## ACTION ITEM
Would you print only the lines running from the one with "テメリティパラナ川思われるカーヴィースリム® プロテイン ジューシーストロベリー" to the final line of the data below, word for word and without pictures?

## GIVEN DATA
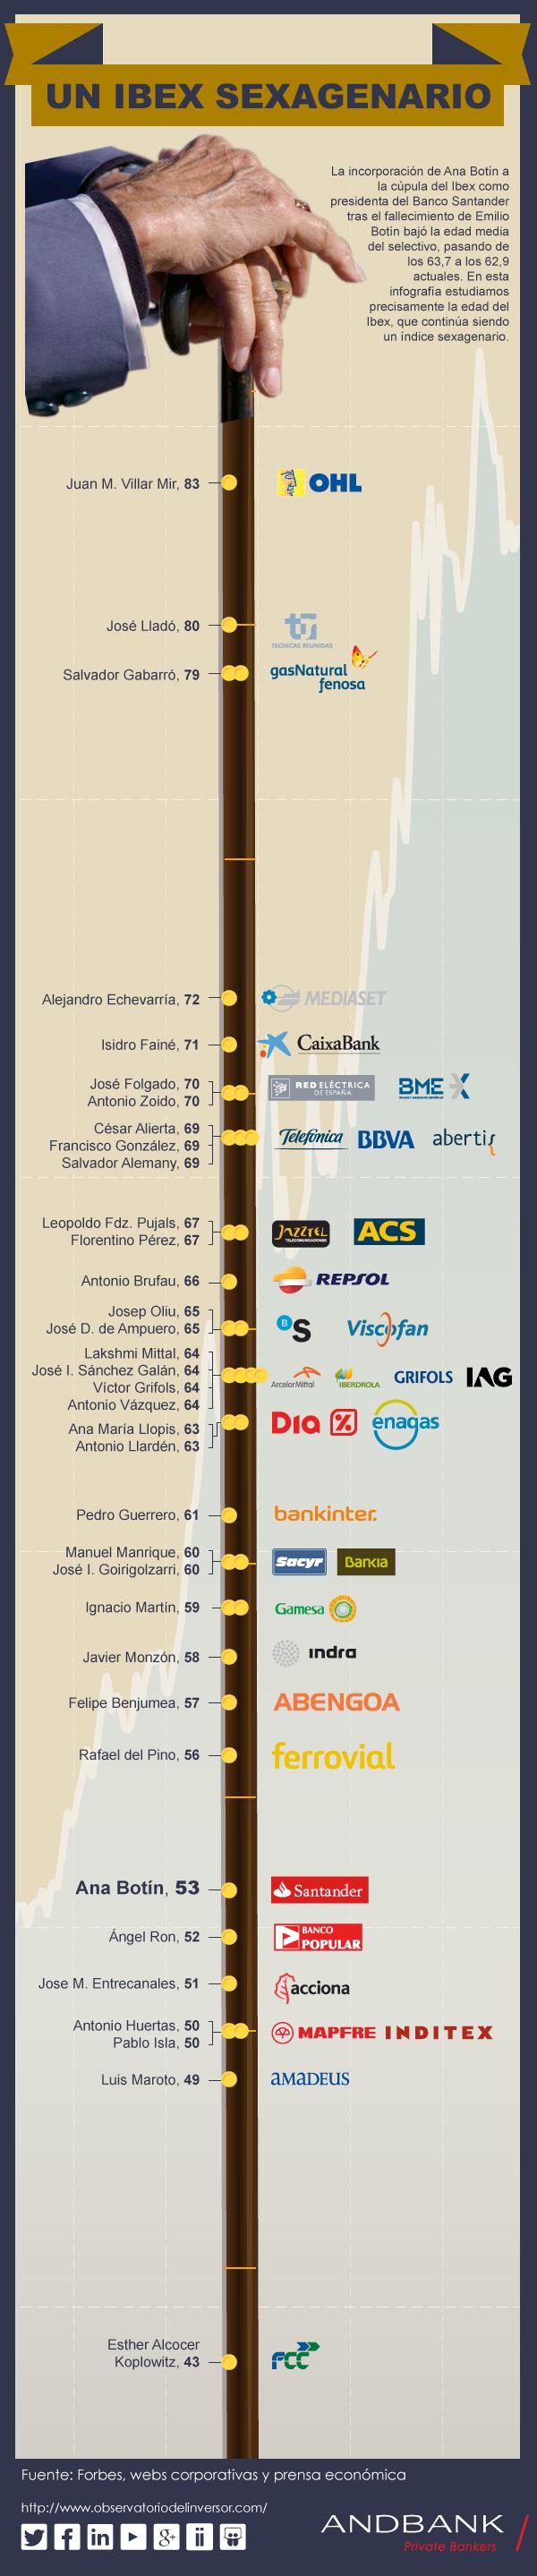 Las edades de los CEO del IBEX 35
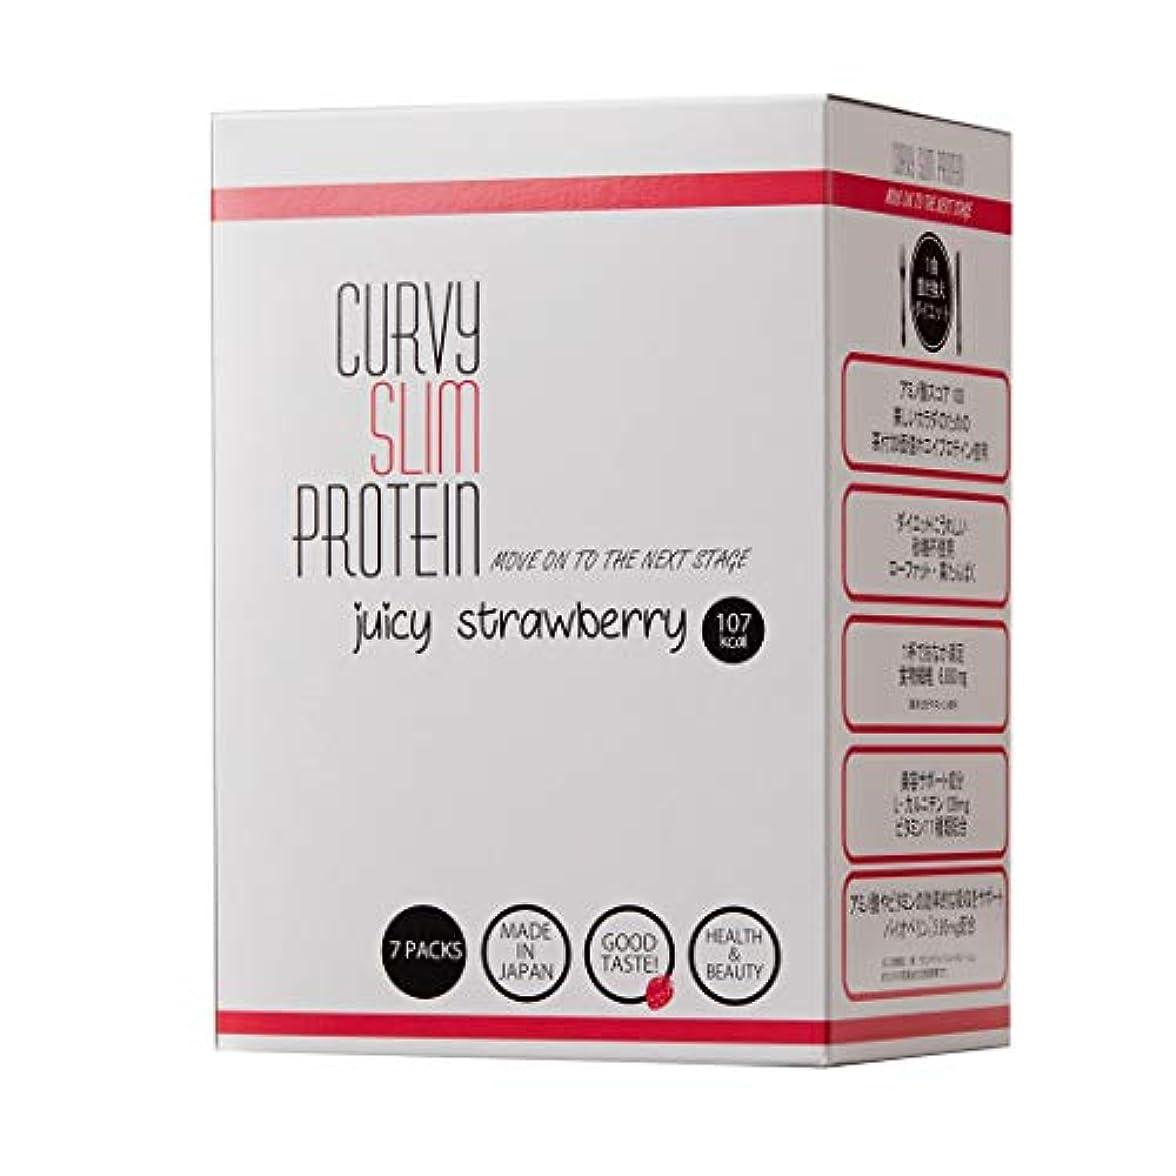 テメリティパラナ川思われるカーヴィースリム® プロテイン ジューシーストロベリー 置き換え ダイエット 7包(7食分)
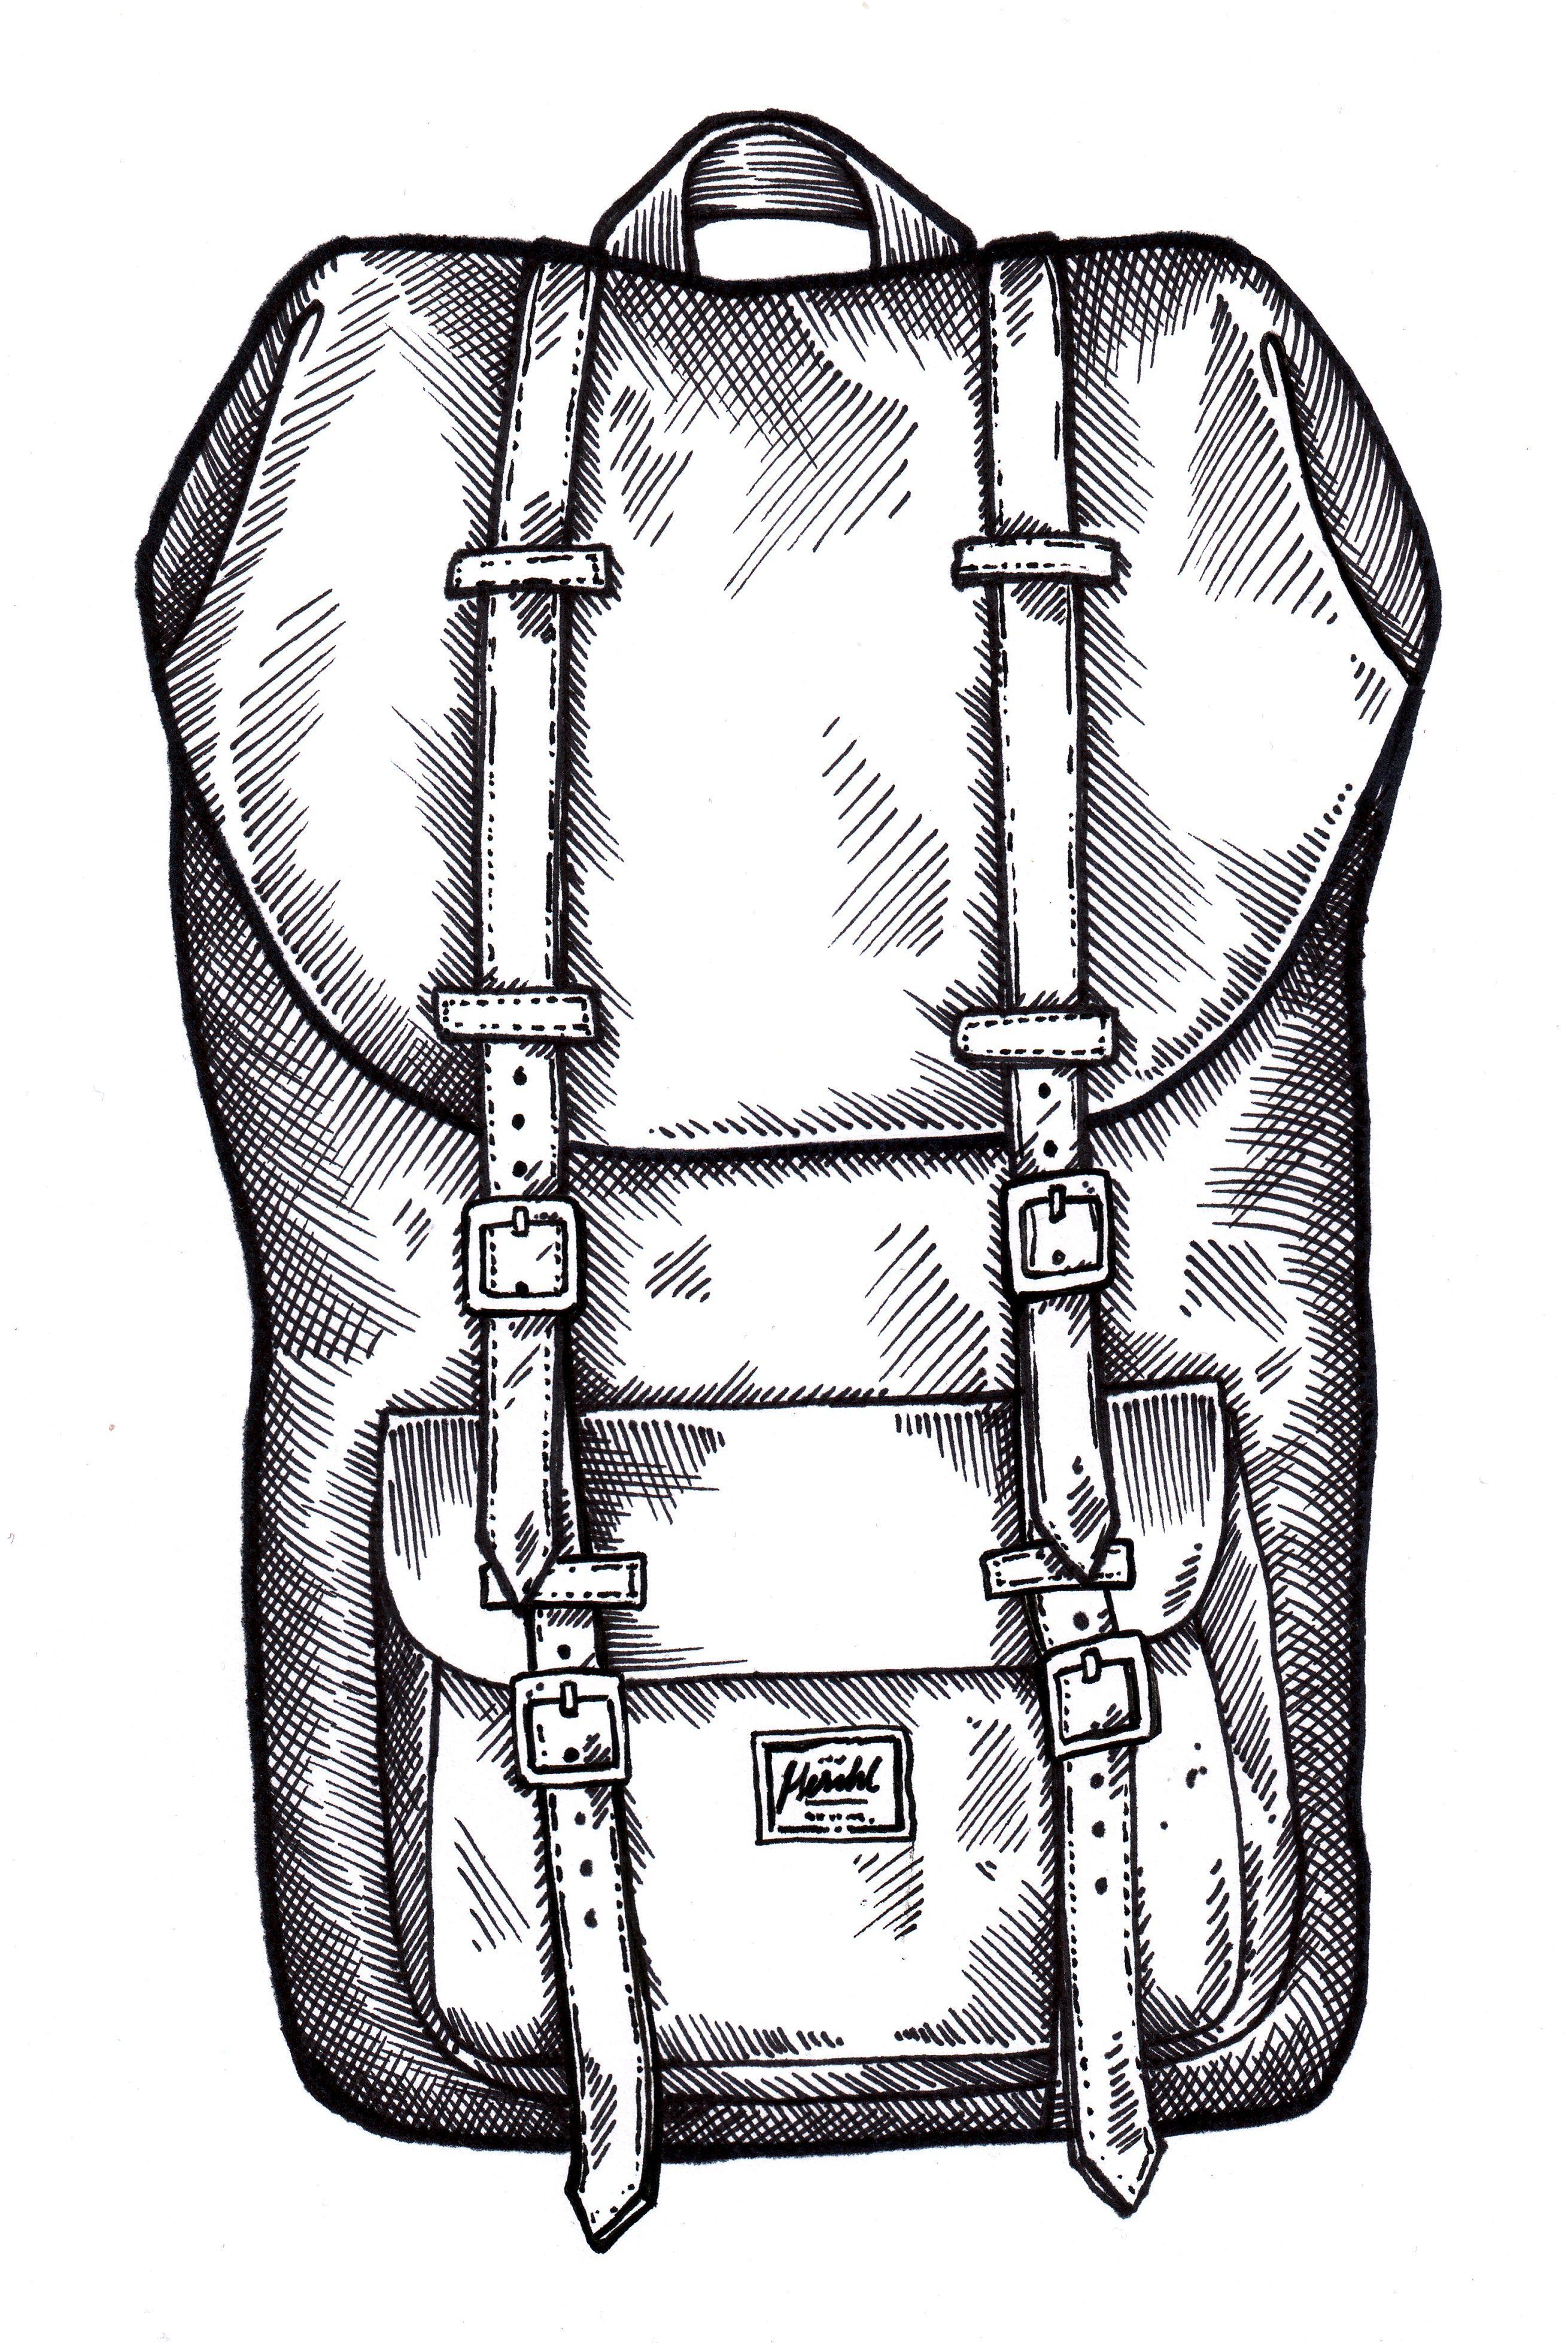 Herschel Herschel Backpack Illustration

## REPLY TO THE TASK
 テメリティパラナ川思われるカーヴィースリム® プロテイン ジューシーストロベリー 置き換え ダイエット 7包(7食分)
 Herschel Herschel Backpack Illustration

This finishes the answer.